English language Uncategorized

Body language

Q: I’m fascinated by the use of a word denoting a body part to characterize a person. For example, an expert in detecting different smells is known in the fragrance industry as a “nose.” And a smart person is commonly known as a “brain.” I’m wondering how this all came about.

A: We have a long tradition in English of referring to people as body parts. In fact, it almost seems that for every body part there’s a hidden (or not so hidden) noun meaning a person. We’ll skip the obscene ones, if you don’t mind!

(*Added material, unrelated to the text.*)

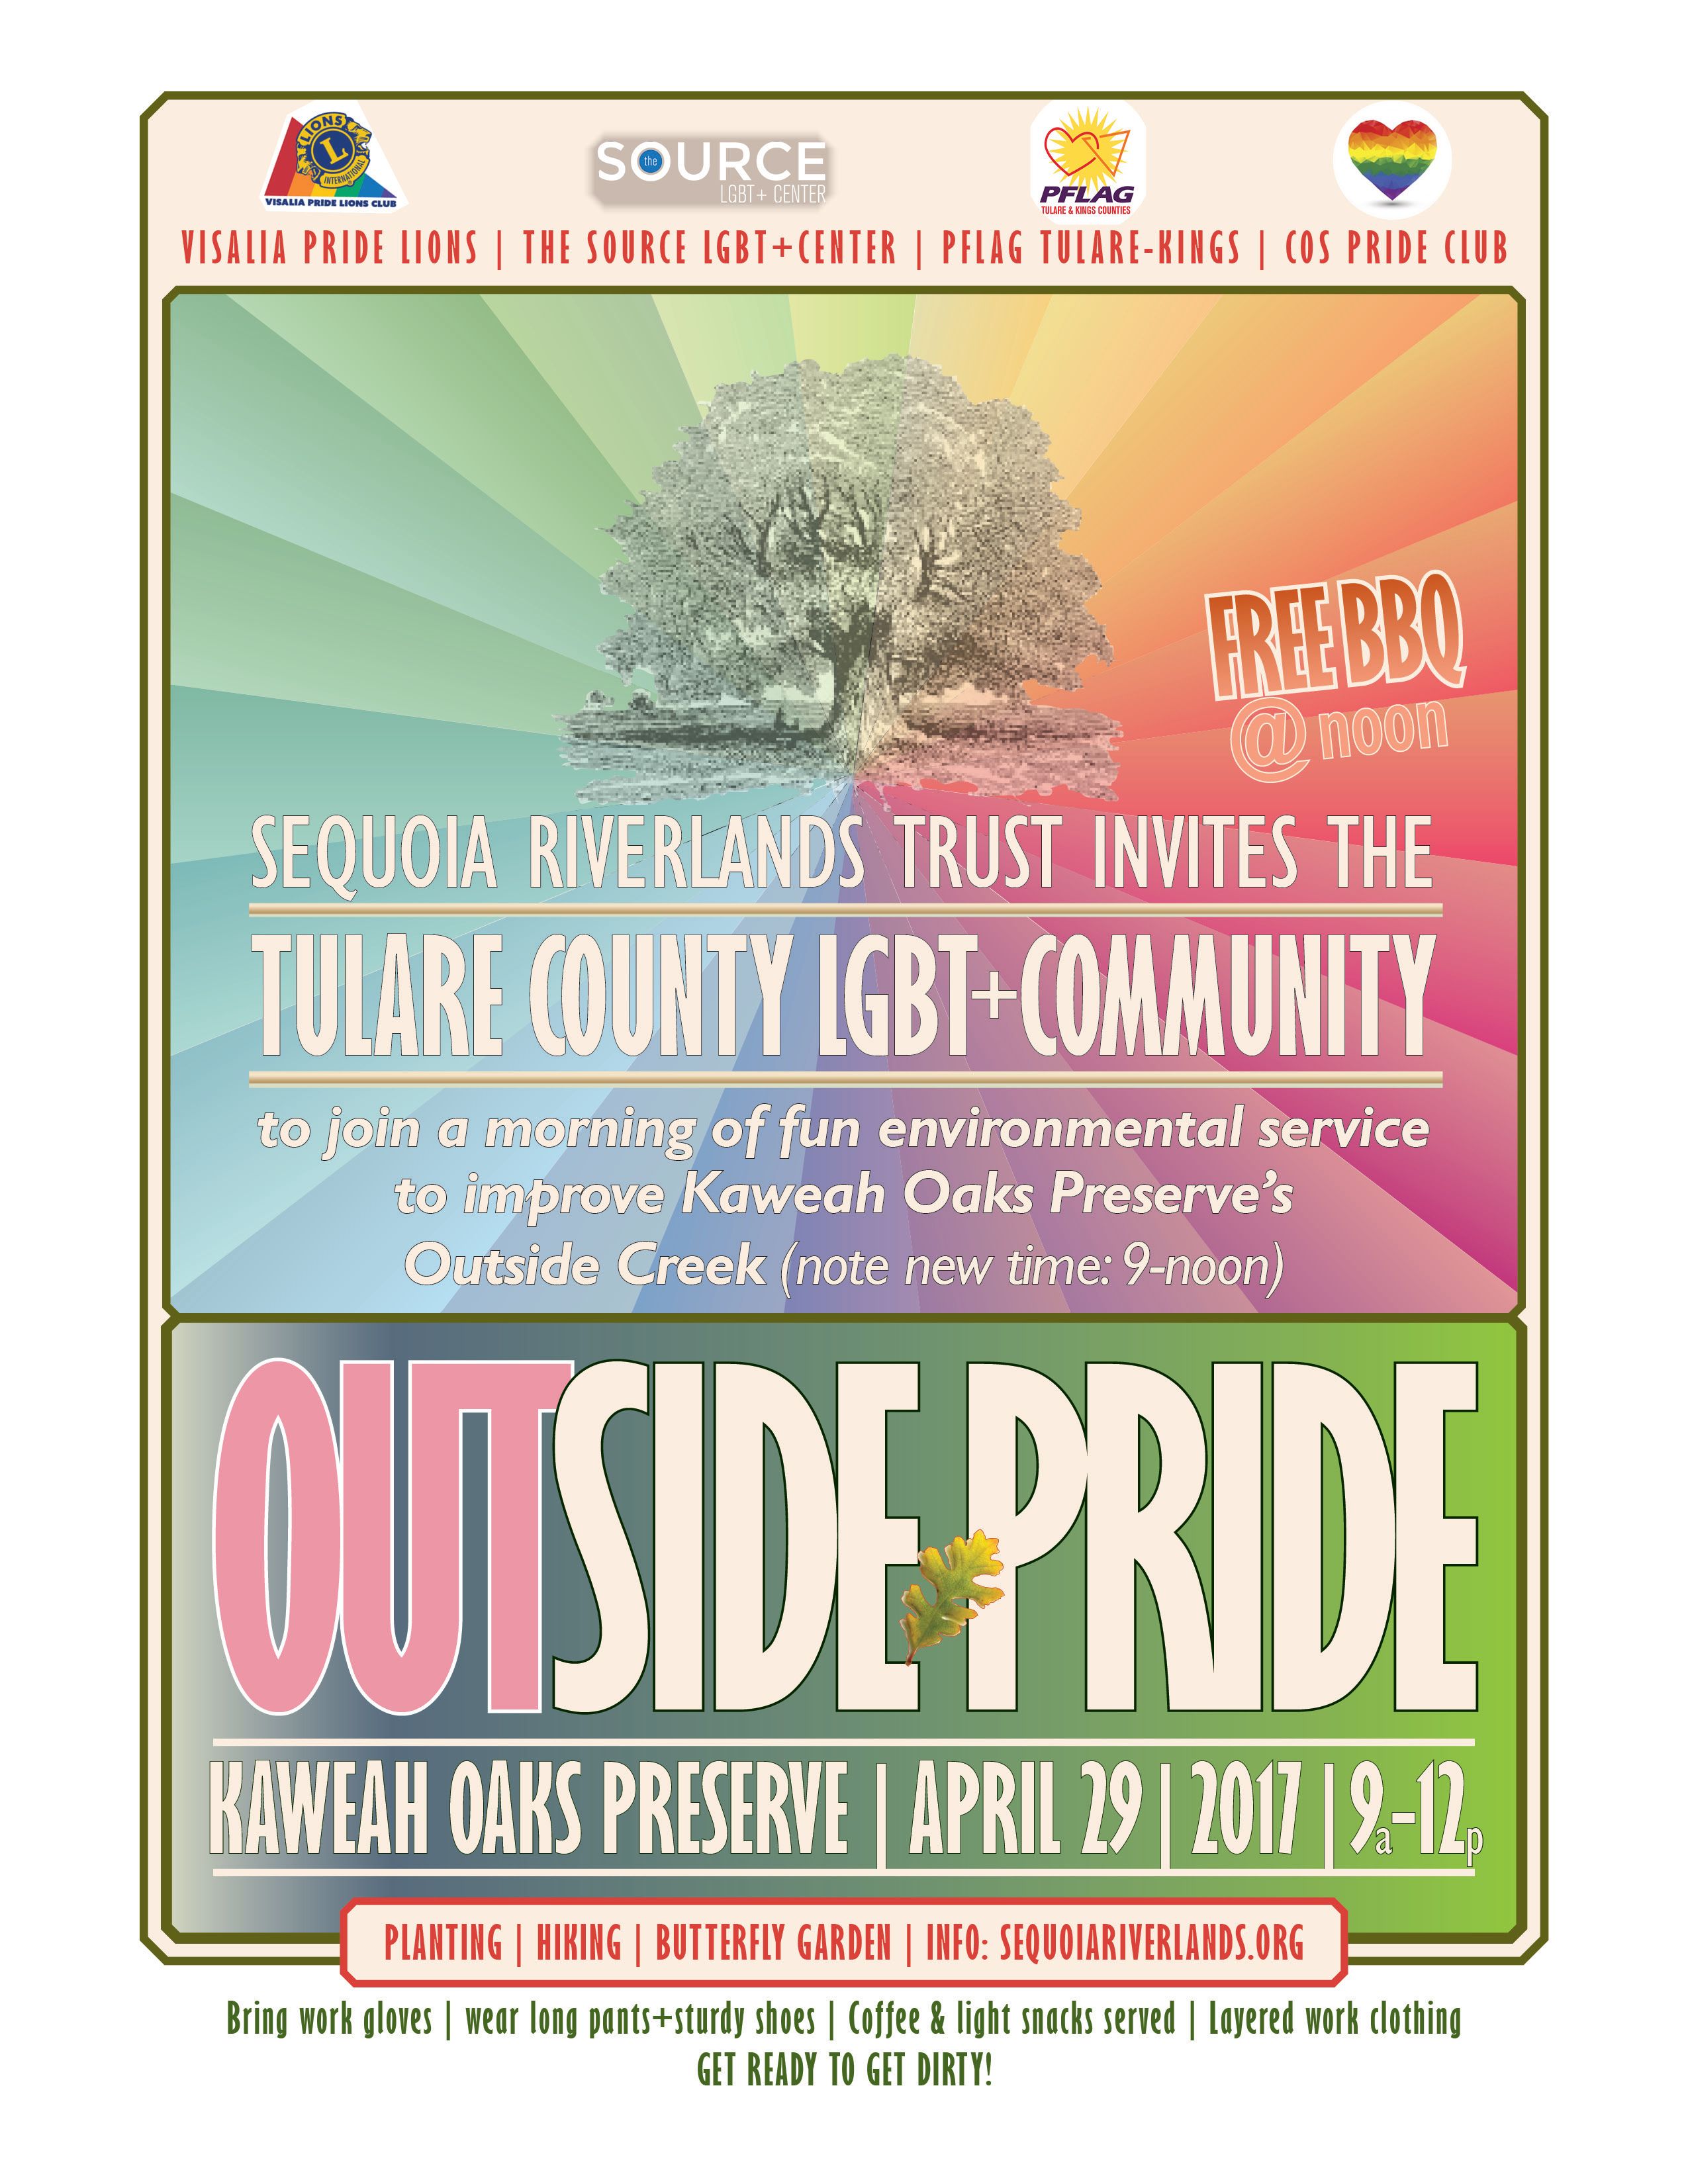 April 29 is Outside Pride Day at Kaweah Oaks Preserve

Besides the usual meaning (one’s schnozz), “nose” has also meant the sense of smell, or the faculty for discriminating scents. It’s had that meaning since about the year 1375, according to the Oxford English Dictionary.

This use is probably what led to its becoming a slang term for a spy or informant, a meaning it has had since the late 18th century. And it also means “a person who creates, identifies, or judges fragrances, esp. in the perfume industry,” a meaning of “nose” since the late 1950s, the OED says.

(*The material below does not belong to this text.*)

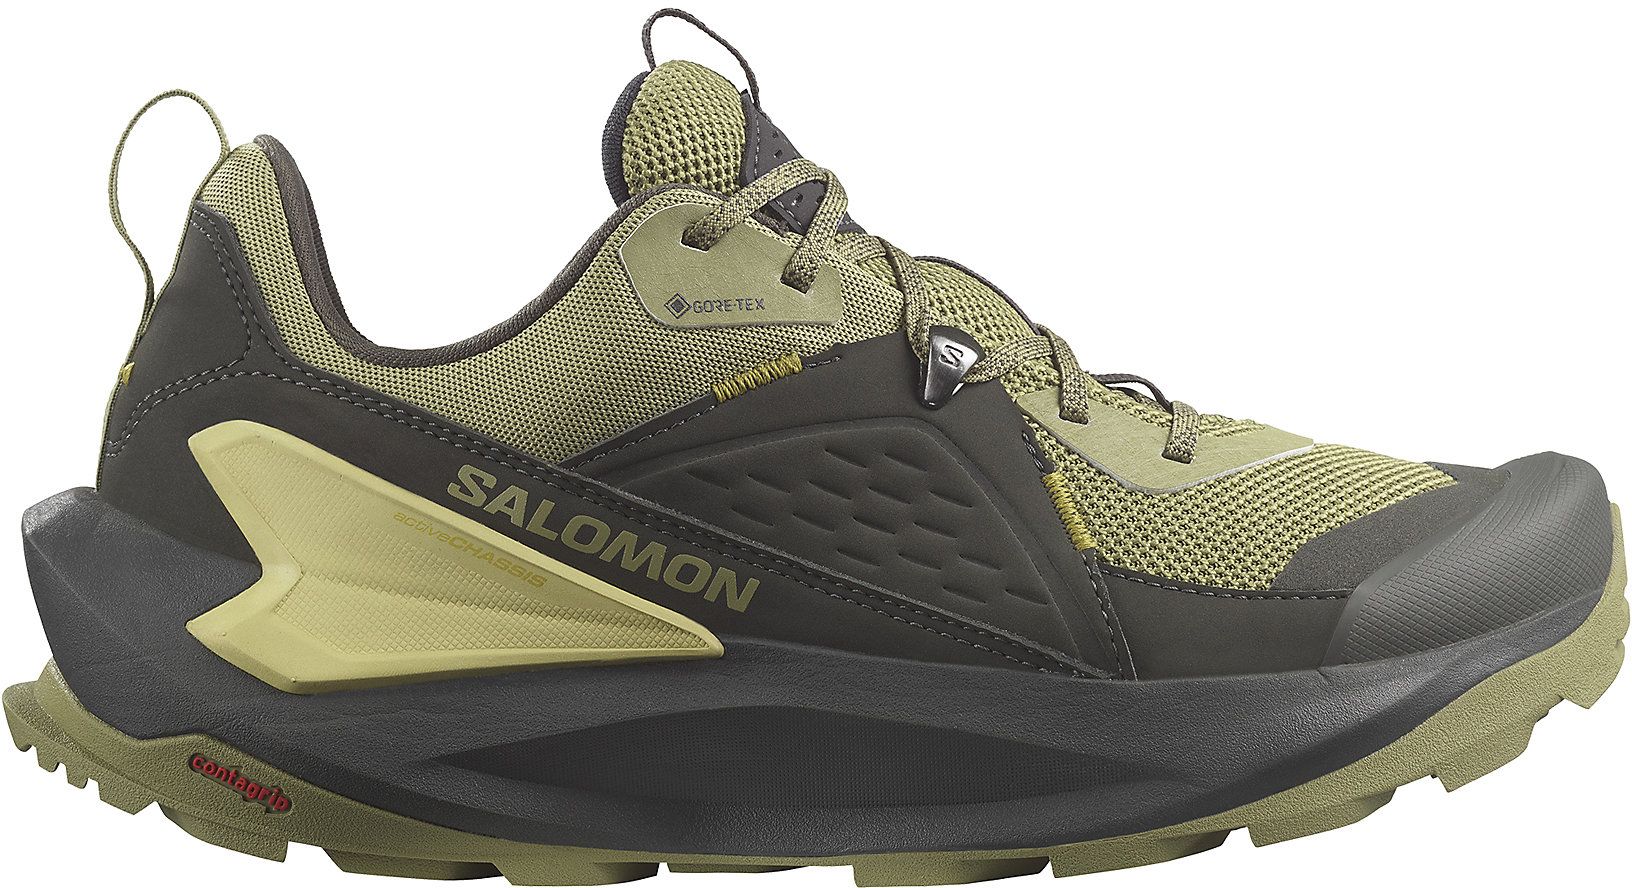 Photos - Trekking Shoes Salomon Men's Elixir GTX Shoe, Size 10, Black/Dried Herb/Southern 23SALMLX

A brainy person has been called “a brain” or “the brains” pretty regularly since 1914. But an earlier, figurative use meaning something more like “head” or “nerve center” was recorded in 1844, in Alexander W. Kinglake’s book Eothen: Or, Traces of Travel Brought Home From the East: “The accomplished Mysseri … was in fact the brain of our corps.”

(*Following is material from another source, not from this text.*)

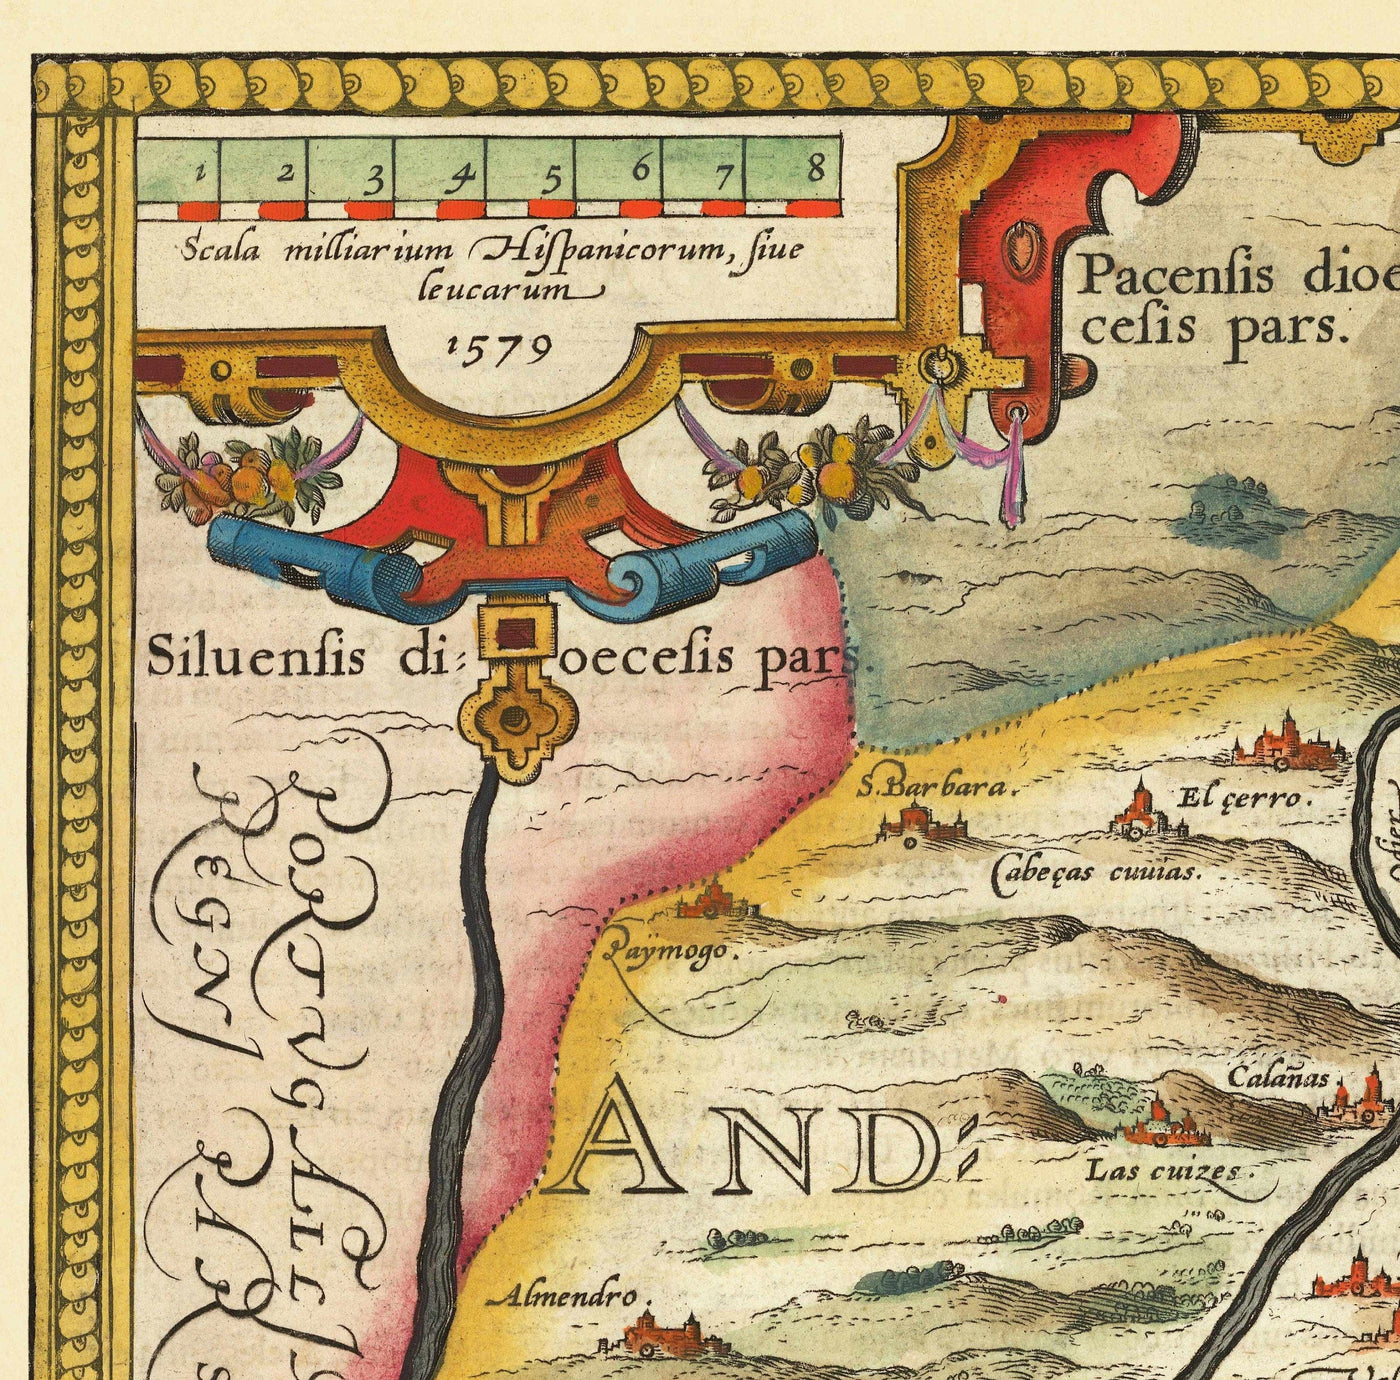 Ancienne carte d'Andalousie, Séville, Espagne par Ortelius en 1573 - Sevilla, Huelva, Cadiz, Barrameda, Santa María, Real

The word “head” has been used to mean a person to whom others are subordinate since the late 9th century.

“Foot” was once used to mean a person traveling on foot (1200-1600s) or a foot soldier (1500-1800s).

Someone who lends a hand or works with his hands has been called a “hand” since 1590 (the same time the word was first used to mean a round of applause).

In Victorian times, a “leg” (short for “blackleg”) was a name for a swindler at a racetrack or other gambling venue, and in the mid-20th century “leg” was a slang term for a young woman of easy virtue.

Since 1382 the word “eye” has meant a person who uses his eyes on another’s behalf (hence the later term “private eye”).

From the mid-1500s until our own time, we’ve used the word “mouth” to refer to a consumer of food or a spokesperson. We’ve also called a big-mouthed person a “mouth” since the 1600s.

And since the late 19th century, the OED says, we’ve used “finger” as slang for “(a) a policeman or detective; (b) an informer; (c) a contemptible or eccentric person; (d) a pickpocket; (e) one who supplies information or indicates victims to criminals.”

A sympathetic person is called “a shoulder to cry on.” And for at least a century, we’ve called someone we depend on our “right arm.”

There are no doubt other examples that I’m missing, but you get the idea! It’s a long and honorable tradition.